*Exercise aim*: The answer must consist solely of the lines from the line with "in 2-3 Weeks)" to the final line of the data below, reproduced exactly, pictures omitted.

*Given material*:
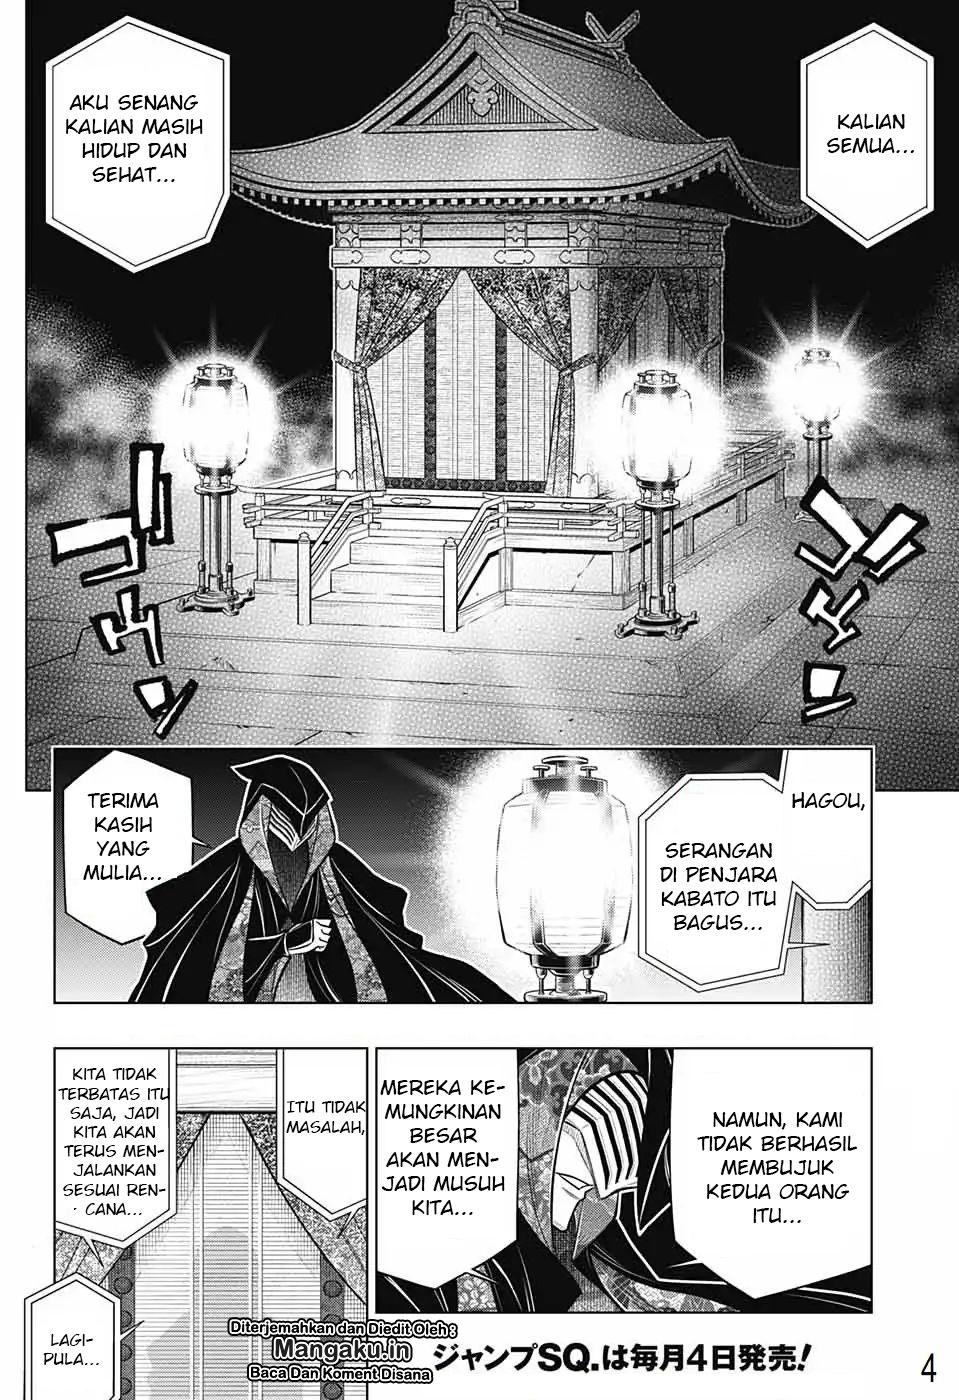 Rurouni Kenshin: Meiji Kenkaku Romantan: Hokkaidou Hen Chapter 15
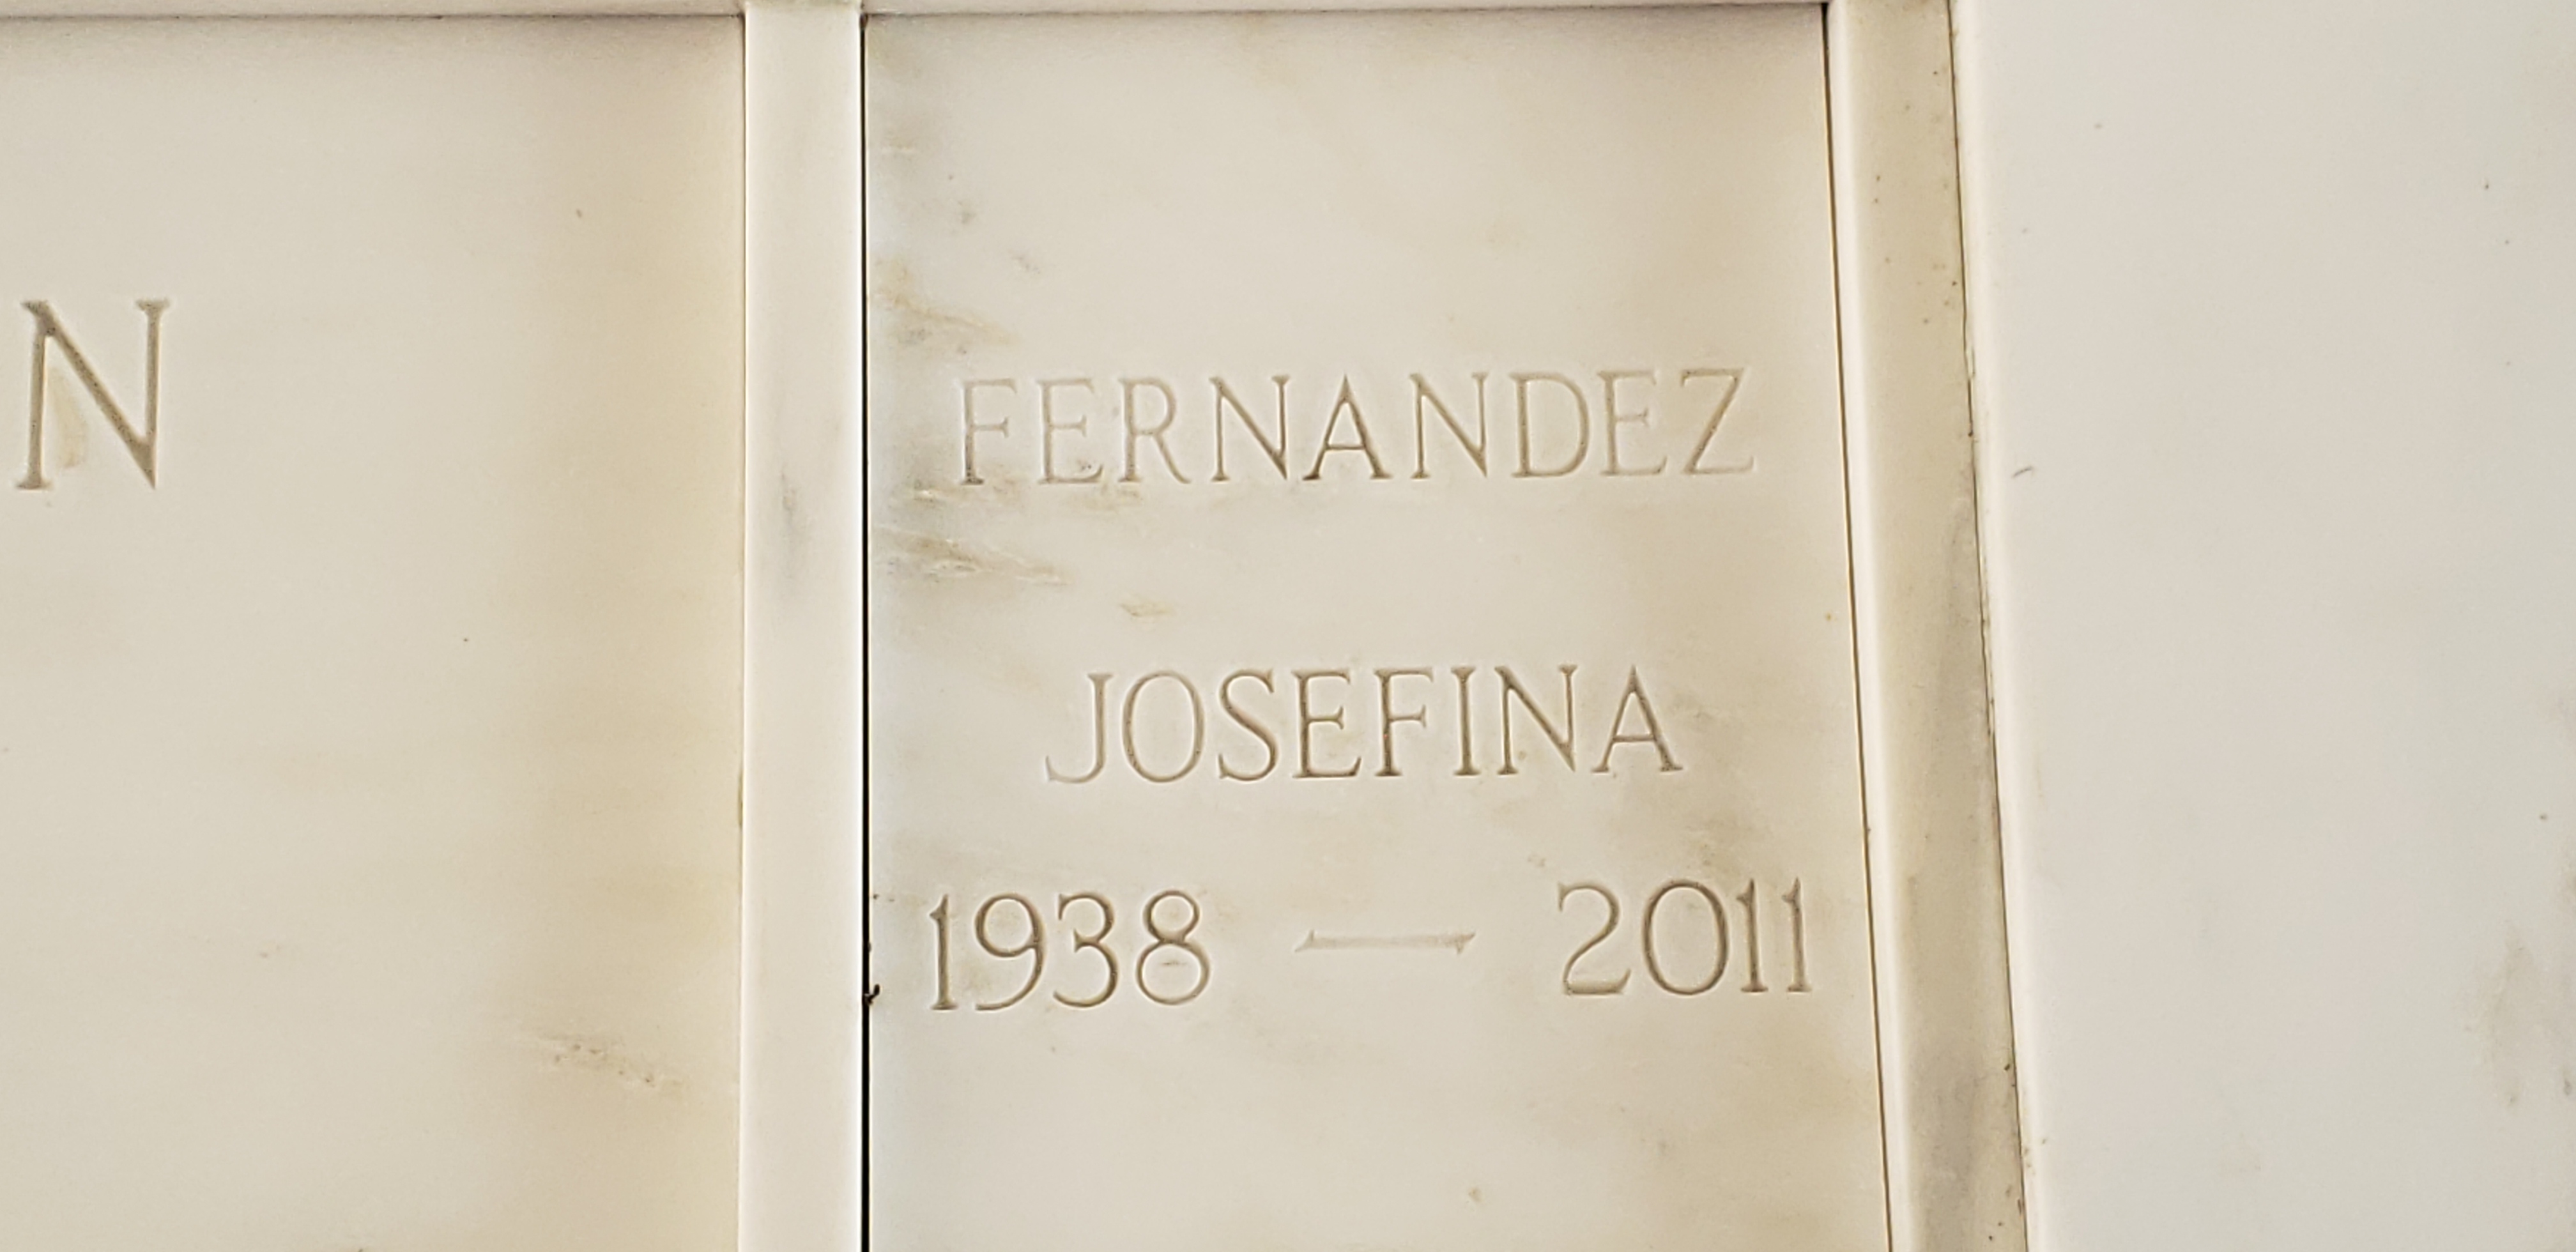 Josefina Fernandez
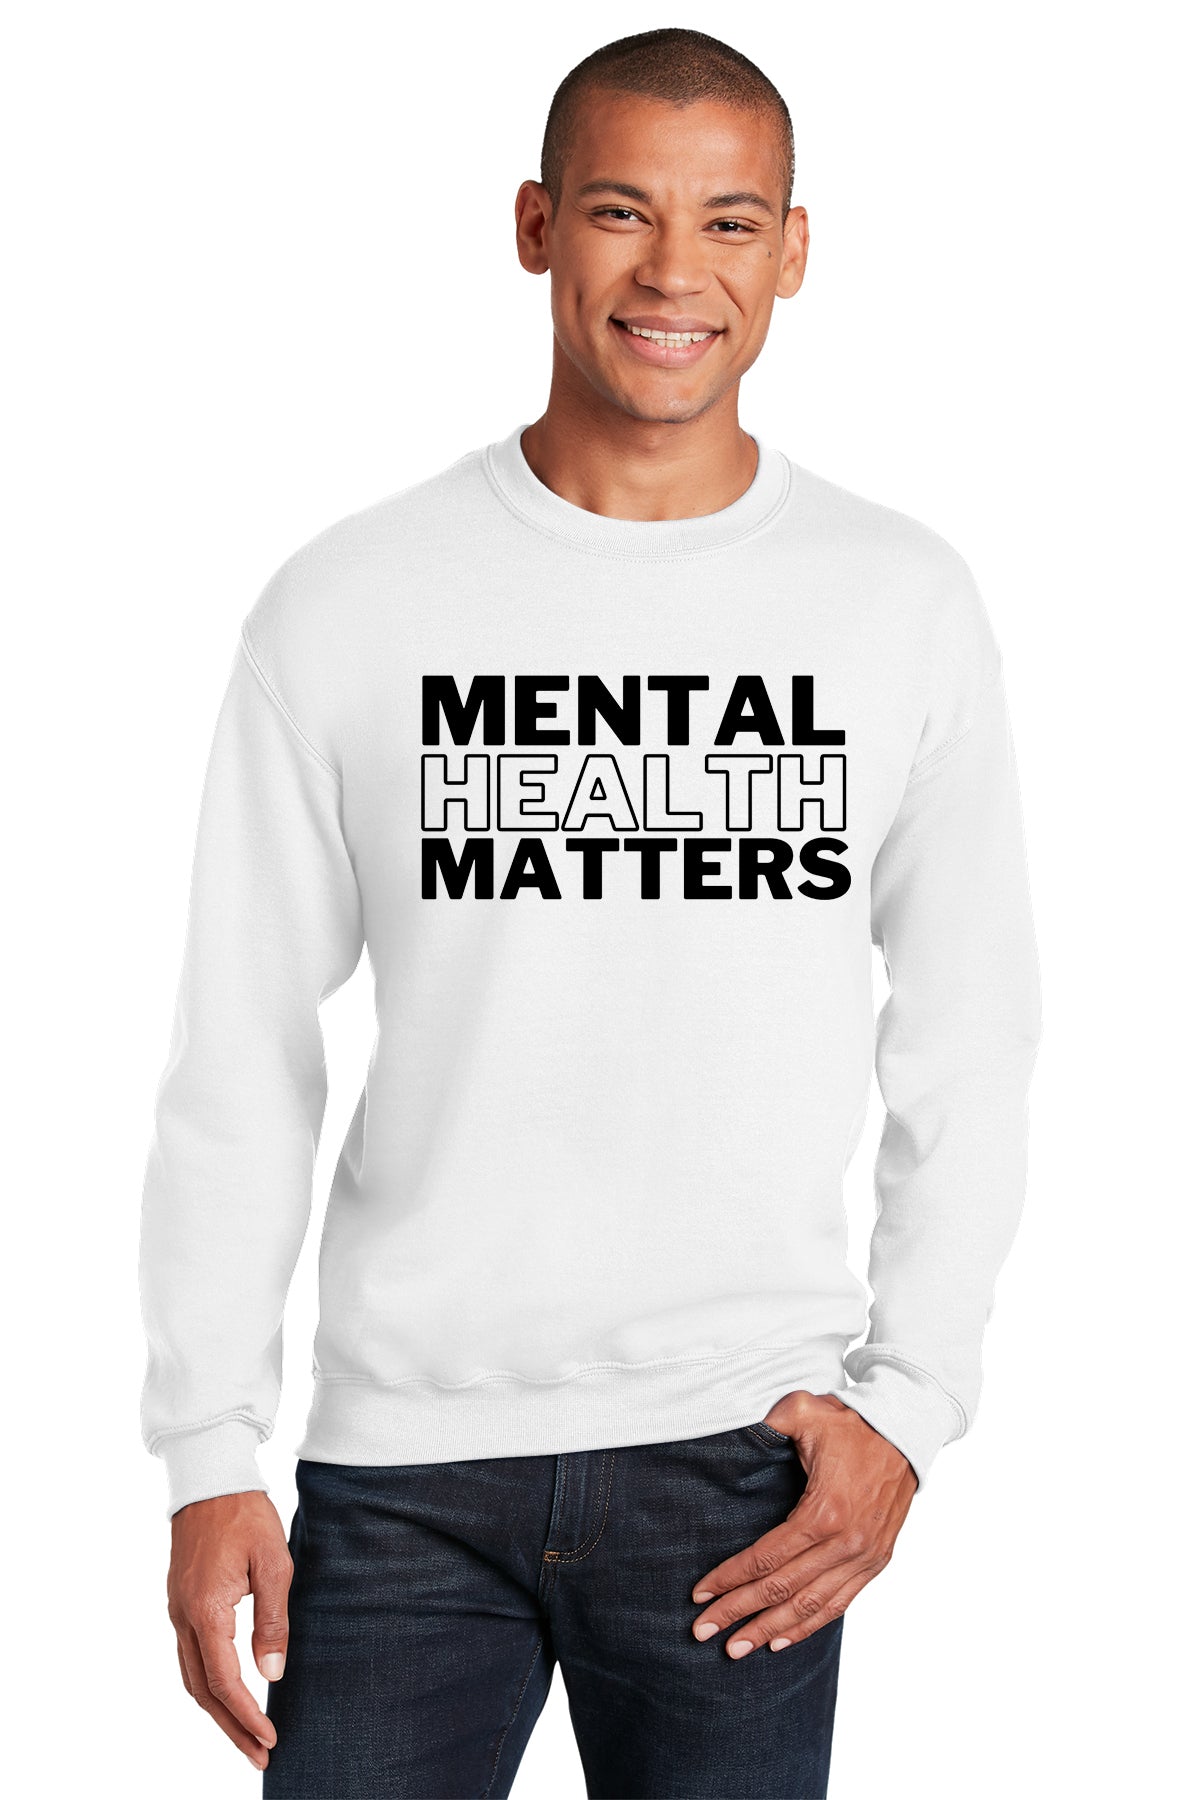 'Mental Health Matters' Block Printed Graphic Sweatshirt: Prep Obsessed x Weather With Lauren (Ships in 2-3 Weeks)
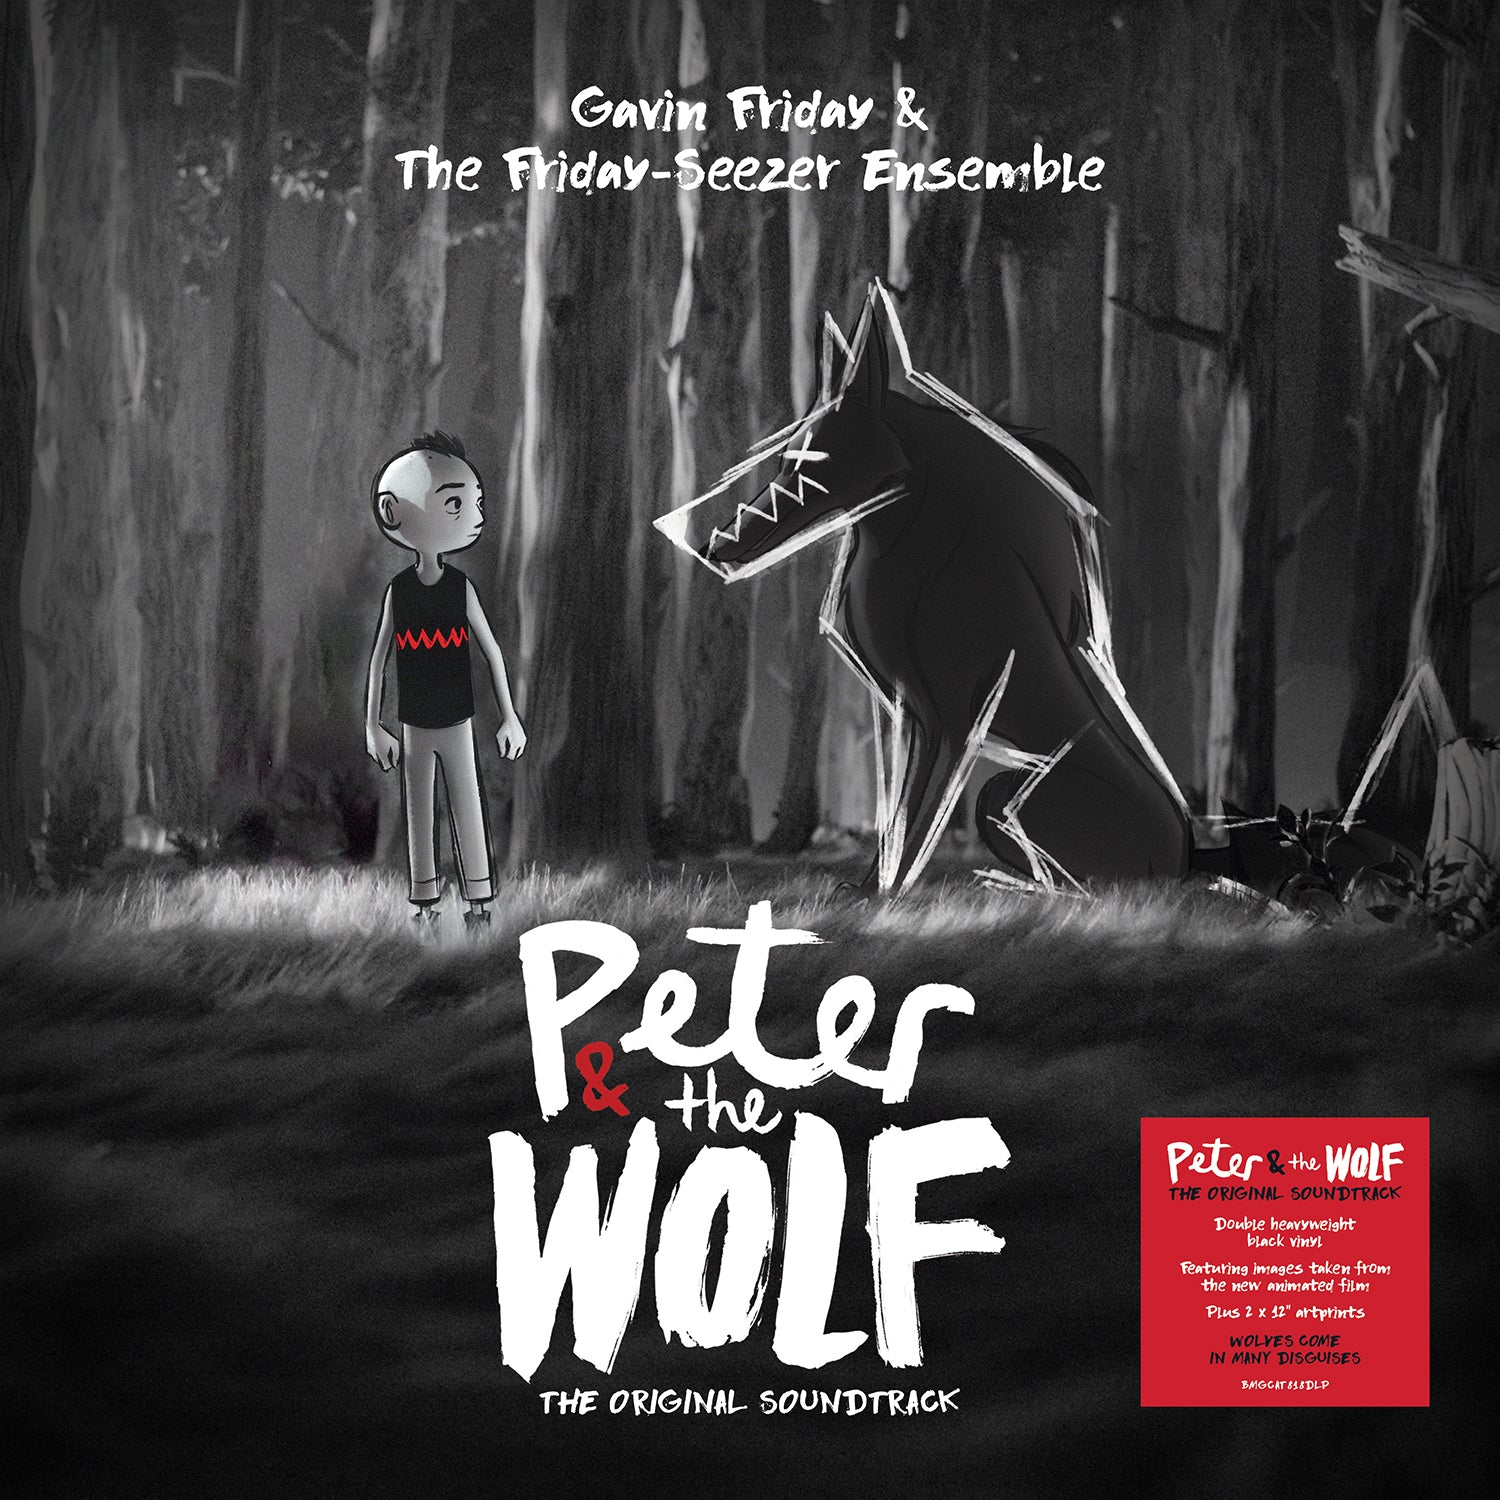 Gavin Friday & The Friday-Seezer Ensemble Peter & The Wolf - Ireland Vinyl

*Result of the task*:
 'Mental Health Matters' Block Printed Graphic Sweatshirt: Prep Obsessed x Weather With Lauren (Ships in 2-3 Weeks)
 Gavin Friday & The Friday-Seezer Ensemble Peter & The Wolf - Ireland Vinyl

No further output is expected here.